**Exercise requirements**
The expected output is the data below, character for character, without its pictures.

**Given material**

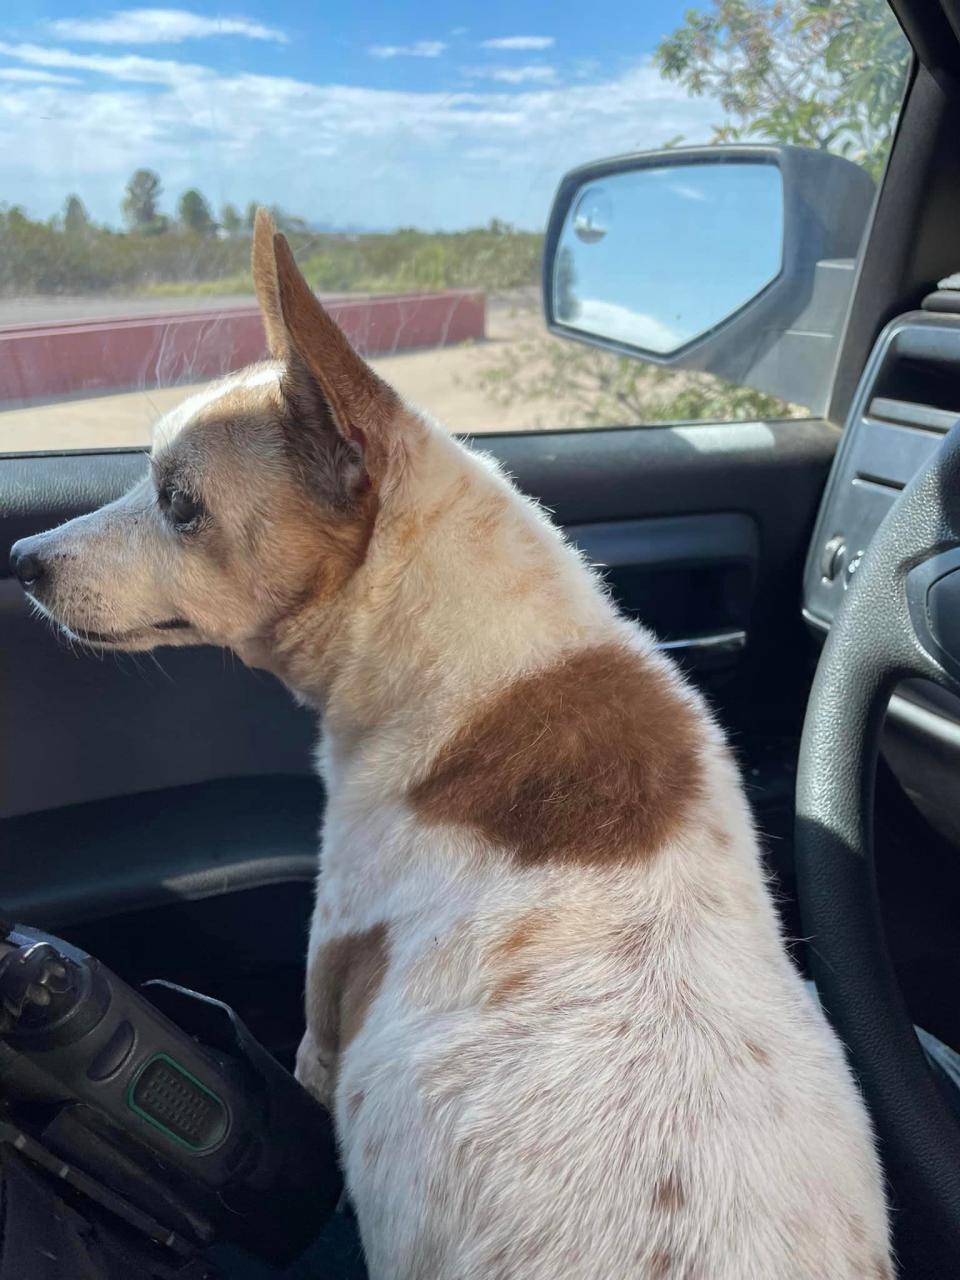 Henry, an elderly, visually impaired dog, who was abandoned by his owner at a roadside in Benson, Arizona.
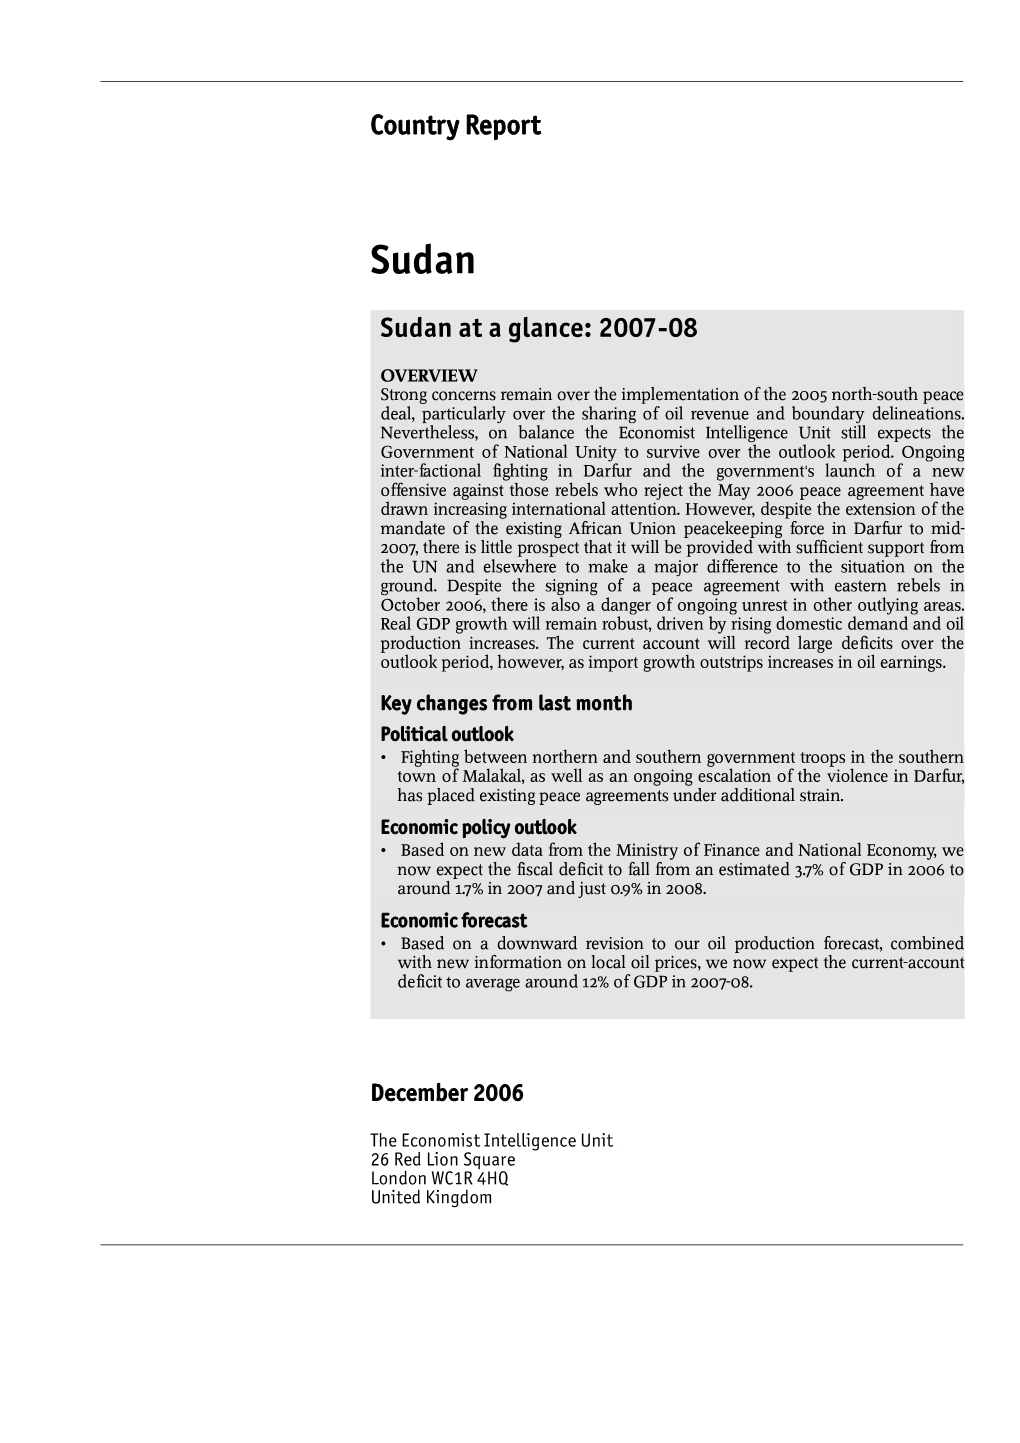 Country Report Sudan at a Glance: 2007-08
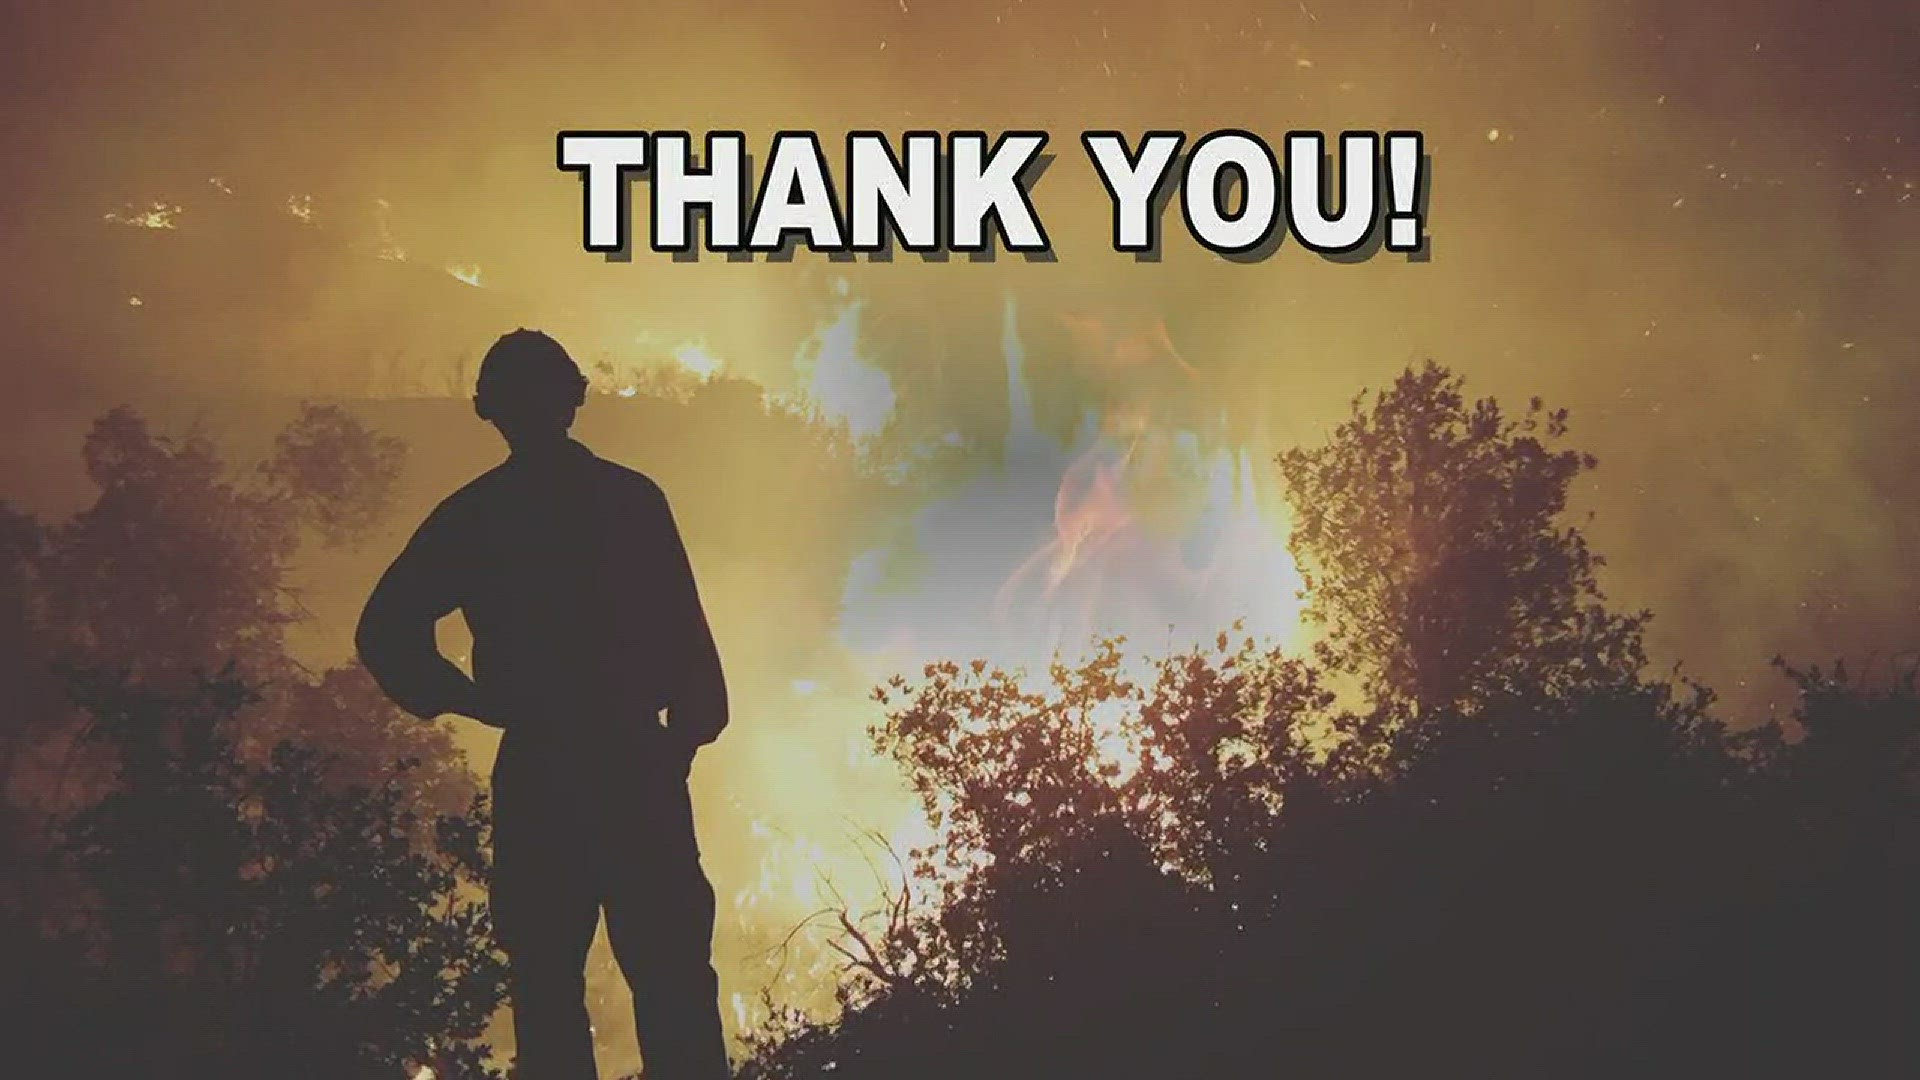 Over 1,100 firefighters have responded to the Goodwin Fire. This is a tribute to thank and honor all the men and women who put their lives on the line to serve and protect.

**Response to the exercise**
 Henry, an elderly, visually impaired dog, who was abandoned by his owner at a roadside in Benson, Arizona.
 Country Report Sudan at a Glance: 2007-08
 Over 1,100 firefighters have responded to the Goodwin Fire. This is a tribute to thank and honor all the men and women who put their lives on the line to serve and protect.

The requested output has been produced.